*Your instructions:*
What is wanted is the full listing, word for word, without its pictures.

*Recorded information:*
-------
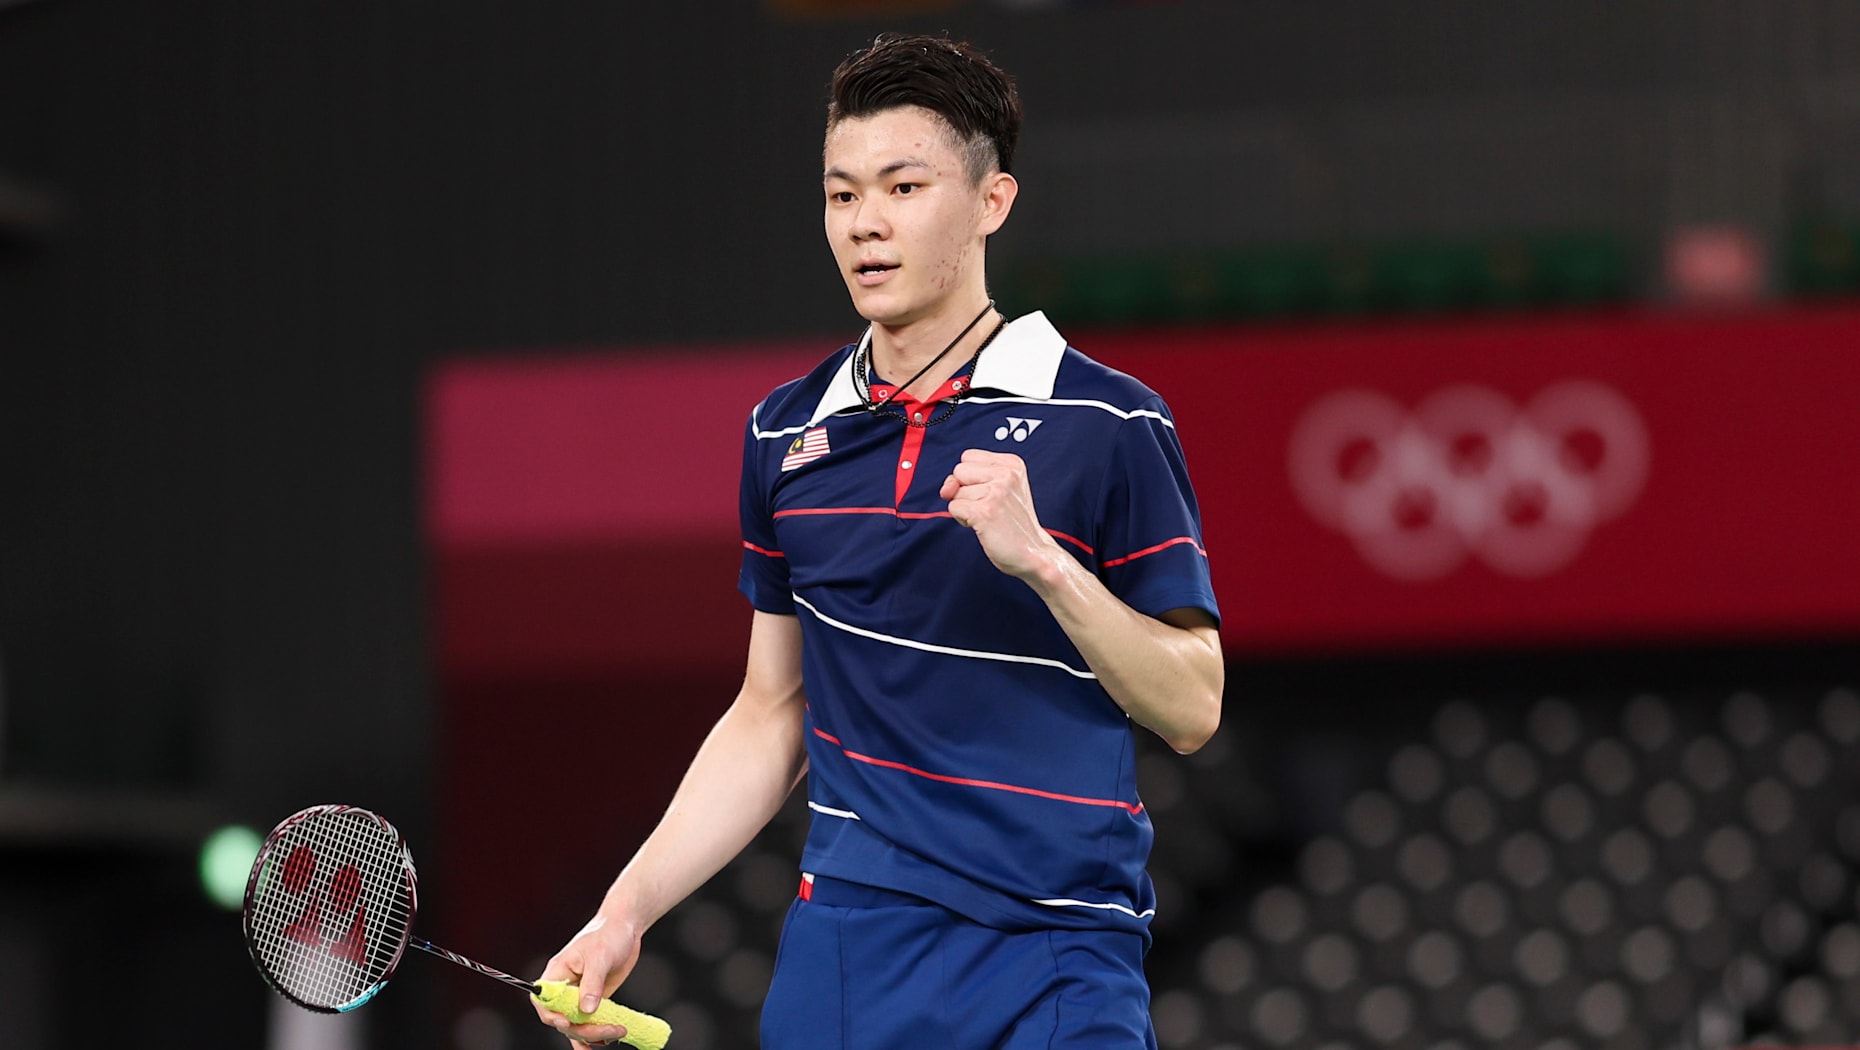 Is Lee Zii Jia the next badminton World No. 1?
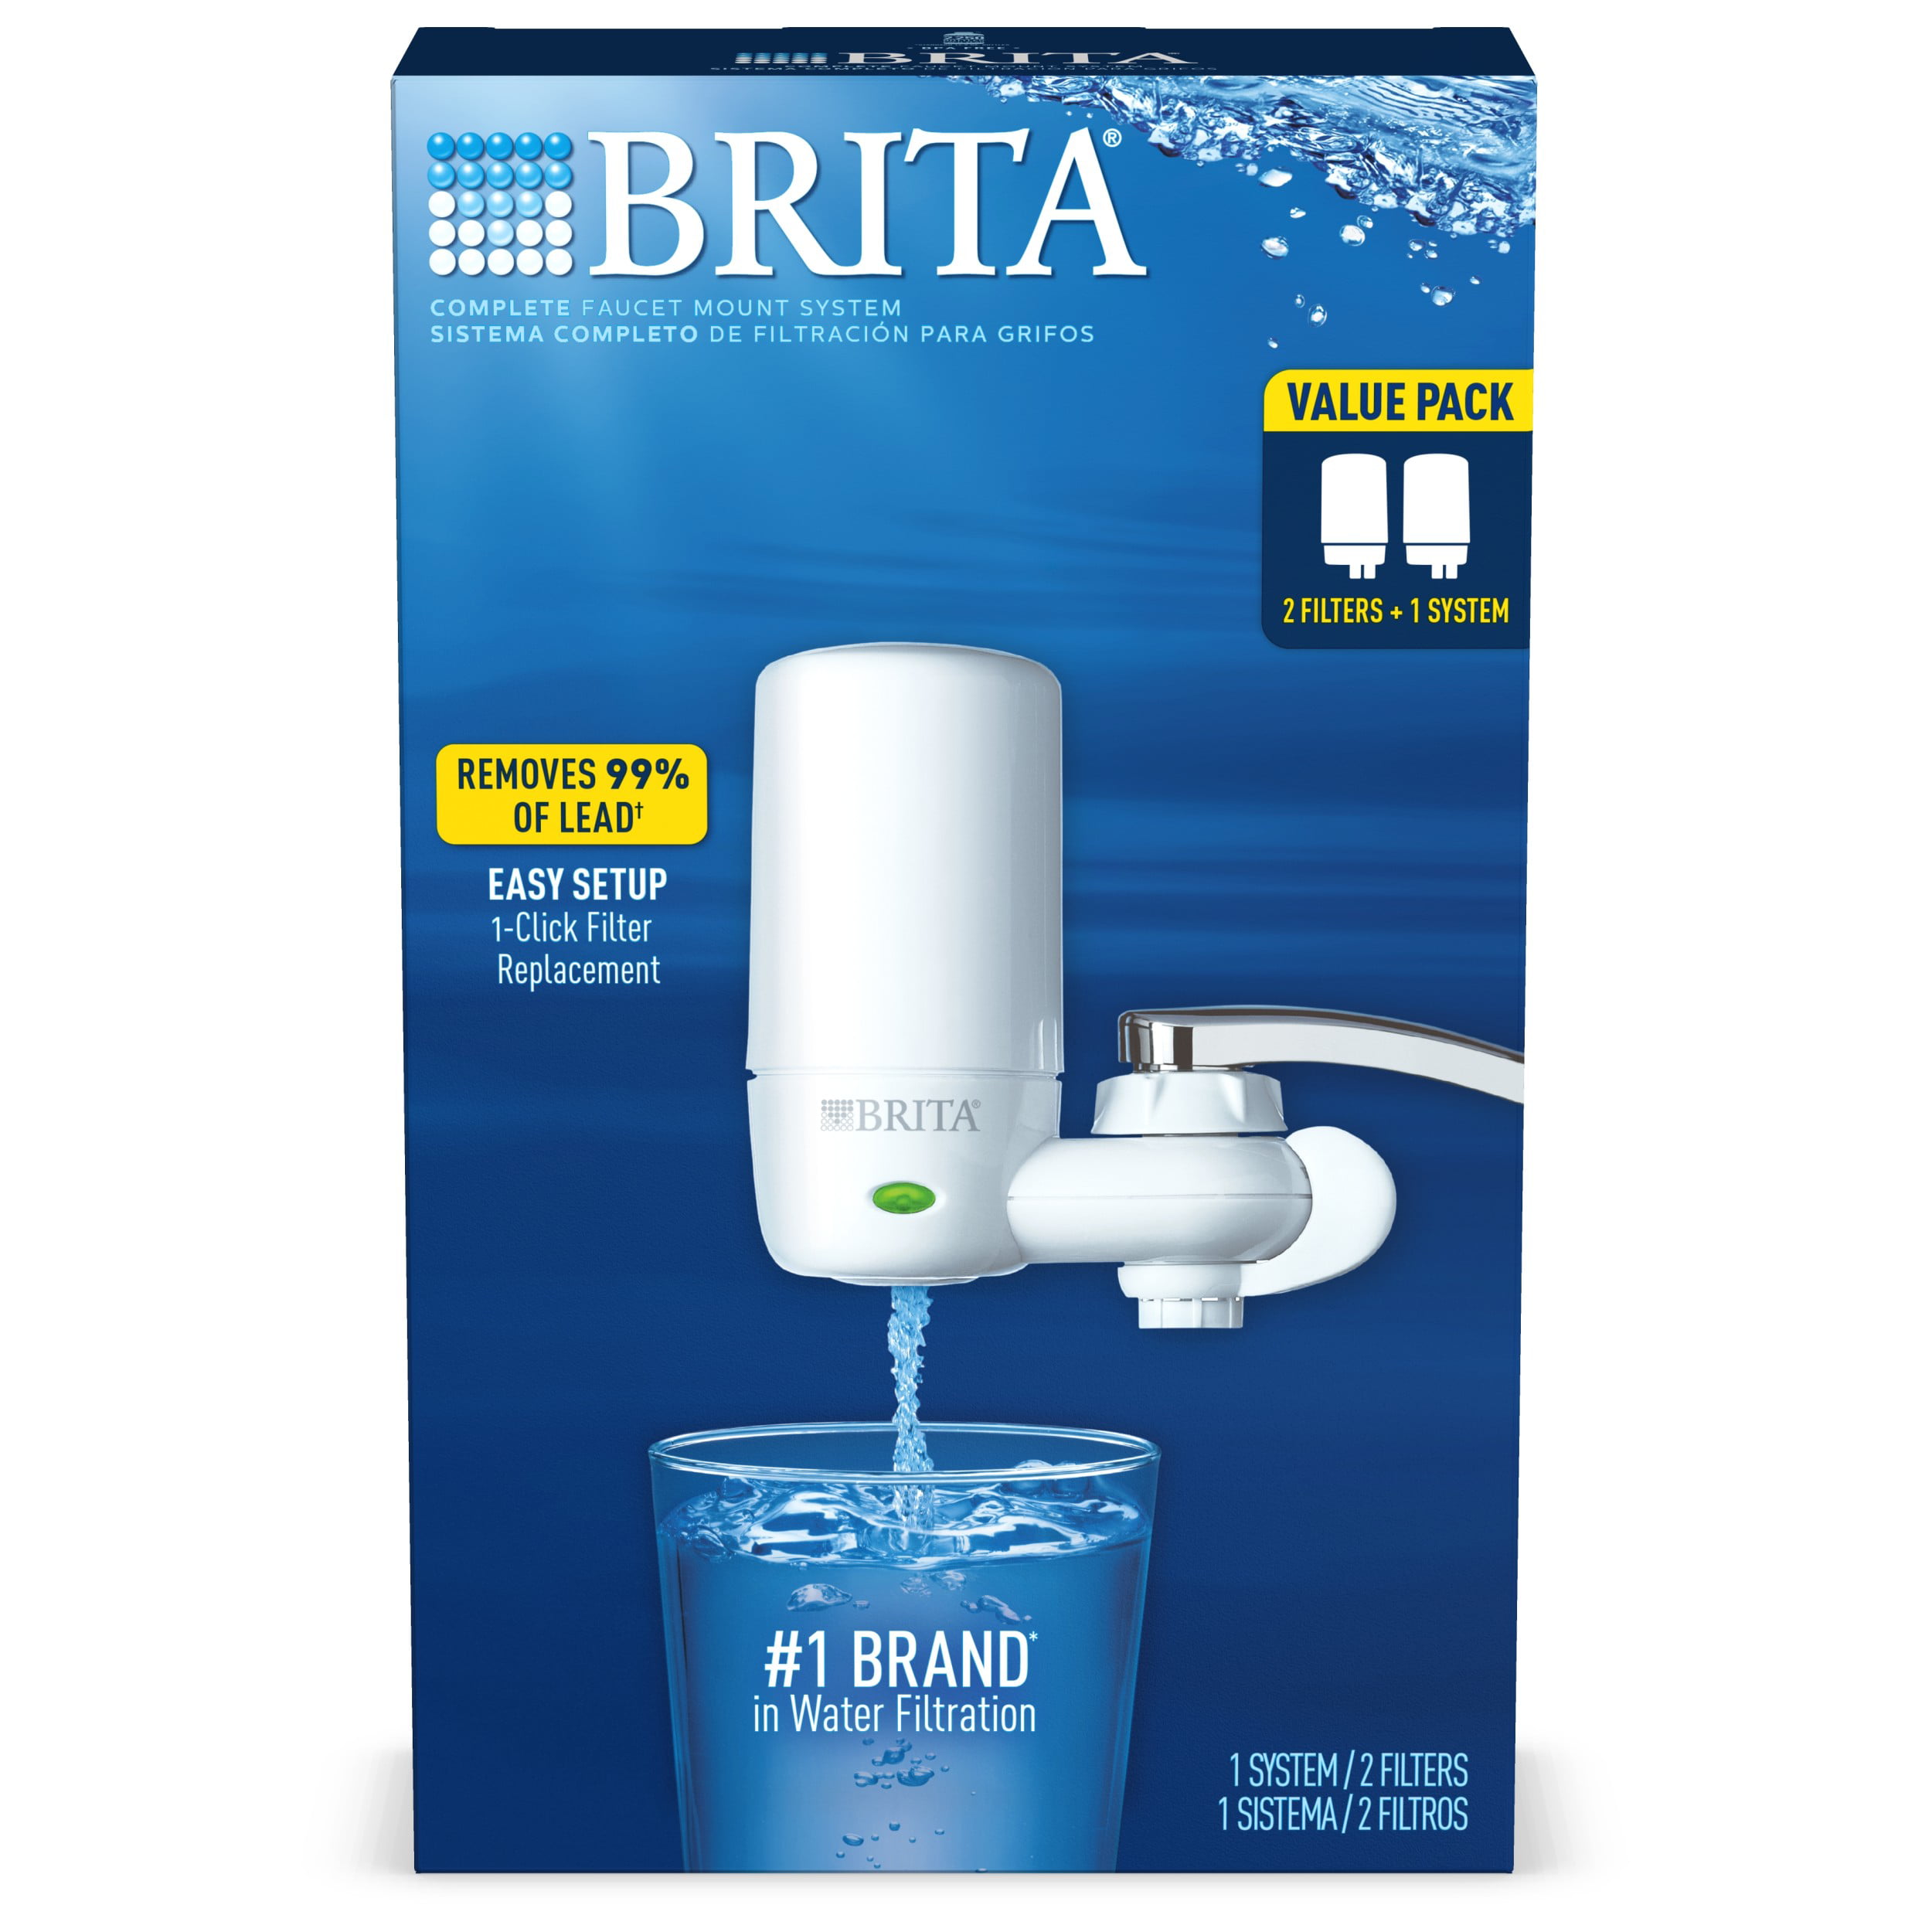 brita-complete-tap-water-faucet-filtration-system-value-pack-white
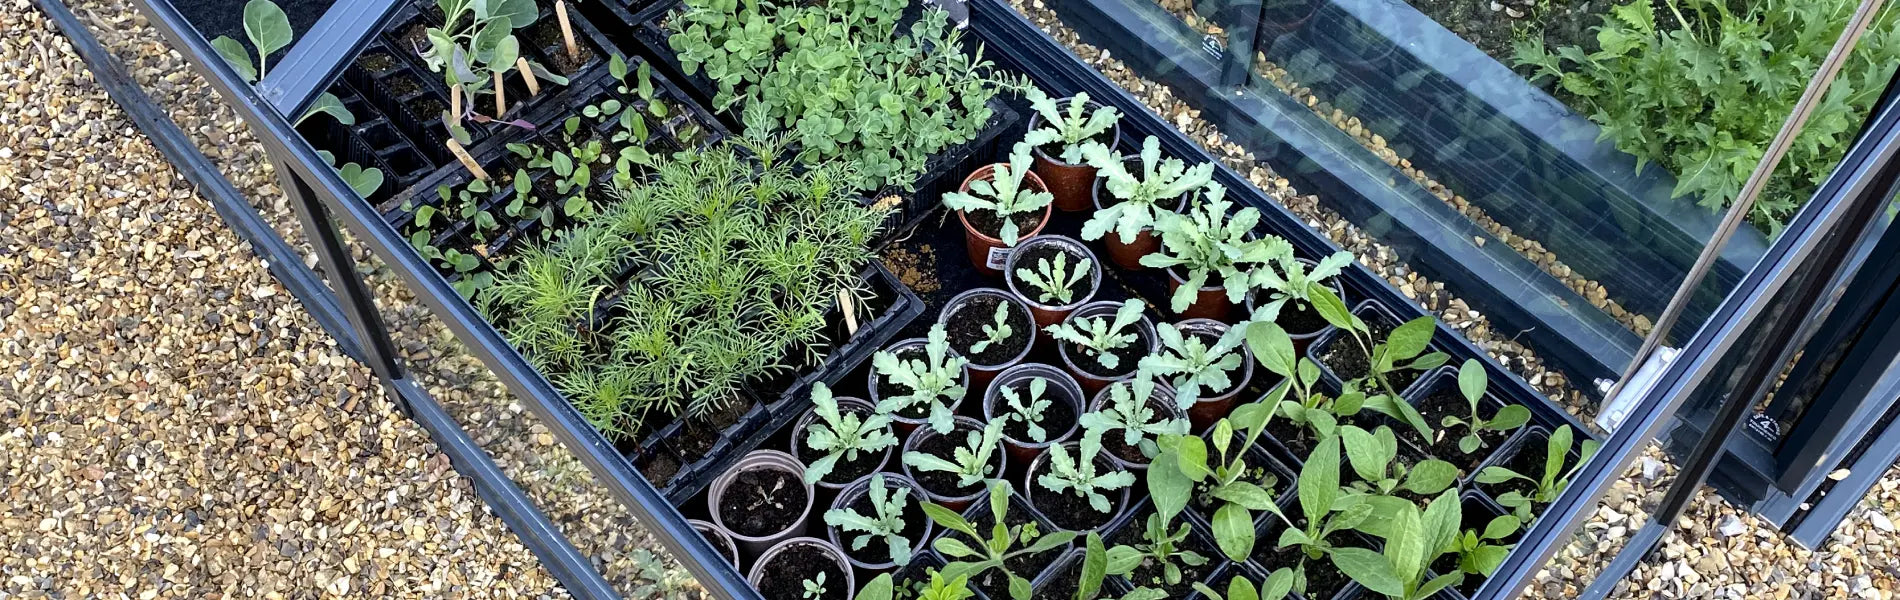 How to use a cold frame: companion planting and succession planting techniques
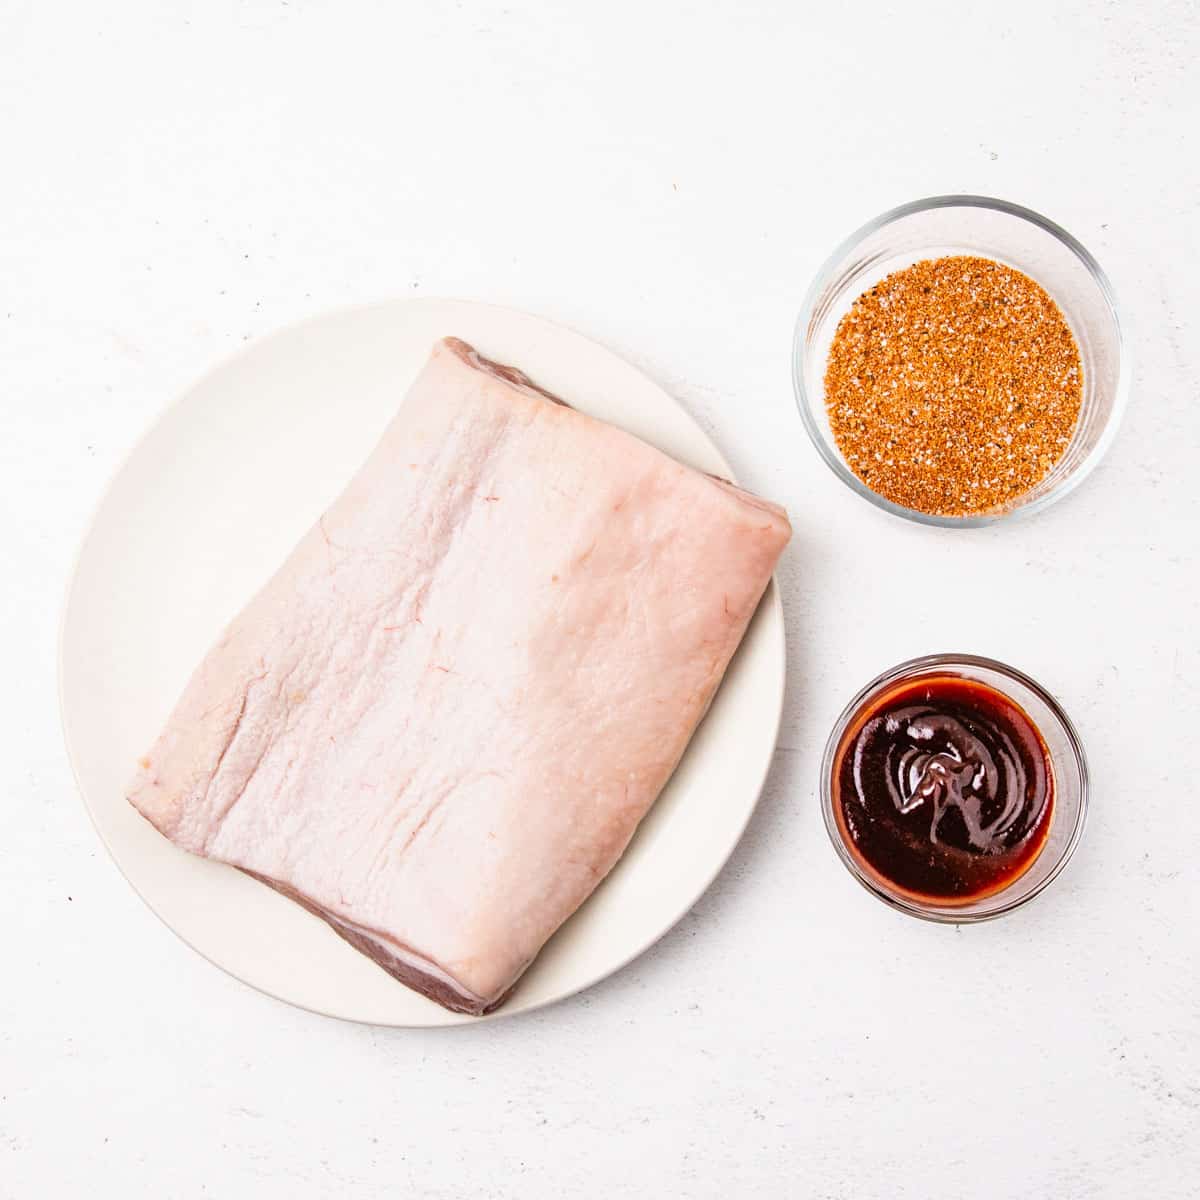 Small bowls of barbecue rub and barbecue sauce next to a slab of pork belly on a plate.
-------
*Task result:*
 Is Lee Zii Jia the next badminton World No. 1?
 brita-complete-tap-water-faucet-filtration-system-value-pack-white
 How to use a cold frame: companion planting and succession planting techniques
 Small bowls of barbecue rub and barbecue sauce next to a slab of pork belly on a plate.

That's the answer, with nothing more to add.